How to Design and Report Experiments

Page 32

by Andy Field

Minor changes in the design of your study (and in particular, in your choice of dependent variable) can have a major effect on the conclusions that you will be able to draw from its results.

By answering the following five questions, you should be able to decide which statistical test is the most appropriate one to use. Question 1: what kind of data will I collect? Question 2: how many independent variables will I use? Question 3: what kind of design will I use (experimental or correlational)? Question 4: will my study use a repeated-measures or independent-measures design? Question 5: will my data be parametric or non-parametric?

8.6 Practical Tasks

* * *

Using the five questions in the text, plus the flowchart in Box 8.2, work out which statistical test you would use for each of the following studies:

Is there a relationship between political affiliation and attitudes to the Millennium Dome? A psychologist asked 100 supporters of each of the main political parties whether they approved or disapproved of the project.

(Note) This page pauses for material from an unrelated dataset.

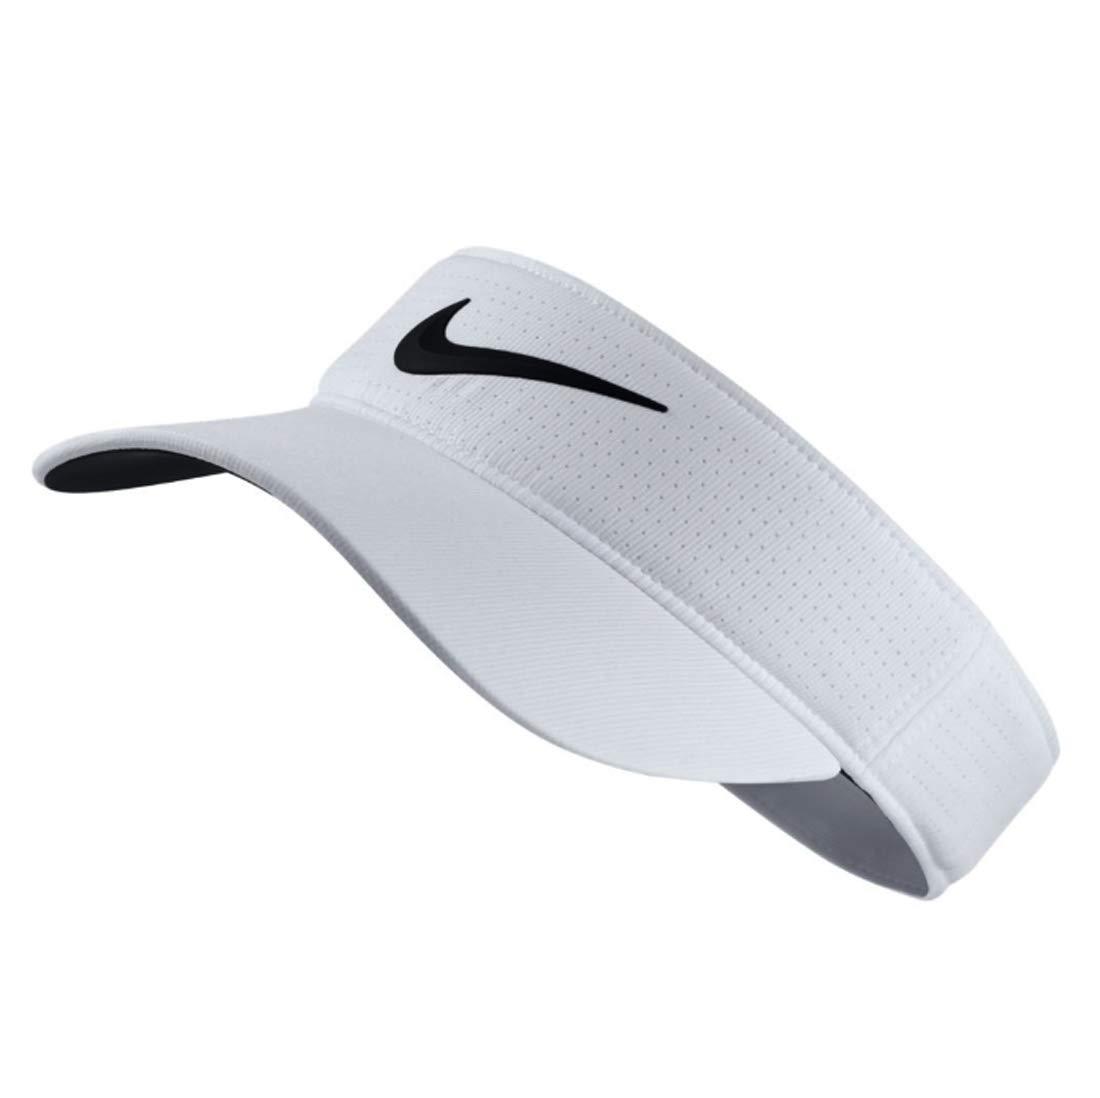 Nike Golf Women's Tech Adjustable Visor - White/Black by Nike

Does exposure to mis-spelt words affect spelling ability? A psychologist takes two groups of students. One group is exposed to a list of mis-spelt words, while the other group is exposed to the same words, but correctly spelt. All participants’ ability to spell these words was then tested a week later. The measure was the number of words correctly spelt out of 40.

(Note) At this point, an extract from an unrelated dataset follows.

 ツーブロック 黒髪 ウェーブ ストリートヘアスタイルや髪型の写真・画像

Do rats make better pets than hamsters? Twenty individuals who had owned both as pets, were asked to provide ratings of hamsters and rats for suitability as pets.

Is there a relationship between belief in flying saucers and watching the ‘X-Files’? A group of 200 people were interviewed about their belief in flying saucers. Seventy said they believed in flying saucers, while the rest said they didn’t. Each was also asked whether they were a regular viewer of the ‘X-Files’.

Does shift-work affect cognitive performance? The performance of two groups of workers on a mental arithmetic test was compared: one group did permanent night shifts, and the other group did permanent day shifts.

Do working mothers differ from non-working mothers in terms of the quality of their interactions with their children? Fifty of each type of mother were video-filmed playing with their child for 30 minutes: one measure taken was the number of positive actions initiated by the mother rather than by the child. The variances were rather different between the two groups.

Are men’s pain thresholds affected by what they see on TV? Fifty men’s pain thresholds are measured three times – once after having watched a video of Clint Eastwood, and again after watching videos of Noddy and Mr. Bean.

Does drinking ‘Diet Coke’ affect window-cleaners’ attractiveness? Each of several women in an office-block is asked to assess the attractiveness of their window-cleaner on two separate occasions: on one occasion, he drinks ‘Diet Coke’, while on the other he does not.

Is there a relationship between the amount of personal possessions one has, and happiness? Three hundred people are interviewed, and asked to provide estimates of how many possessions they have (where ‘possession’ is defined as a single article costing over £ 100) and how happy they are (on a seven-point scale).

Do different types of road-sign affect speeding behaviour differently? A psychologist set up four different road signs: ‘Slow’, ‘30 MPH’, ‘Reduce Speed NOW’ and ‘Police Speed Check’. He then measured the speed of each of the first 40 motorists encountering each sign.

Answers:

Is there a relationship between political affiliation and attitudes to the Millennium Dome? The appropriate test is the Chi-Squared Goodness of Fit. We have frequency data rather than a score per participant: all we know is how many people approve or disapprove of the Dome. This narrows down our choice of test to Chi-Squared. We have only one independent variable (political party), so it must be the Goodness of Fit version of Chi-Squared.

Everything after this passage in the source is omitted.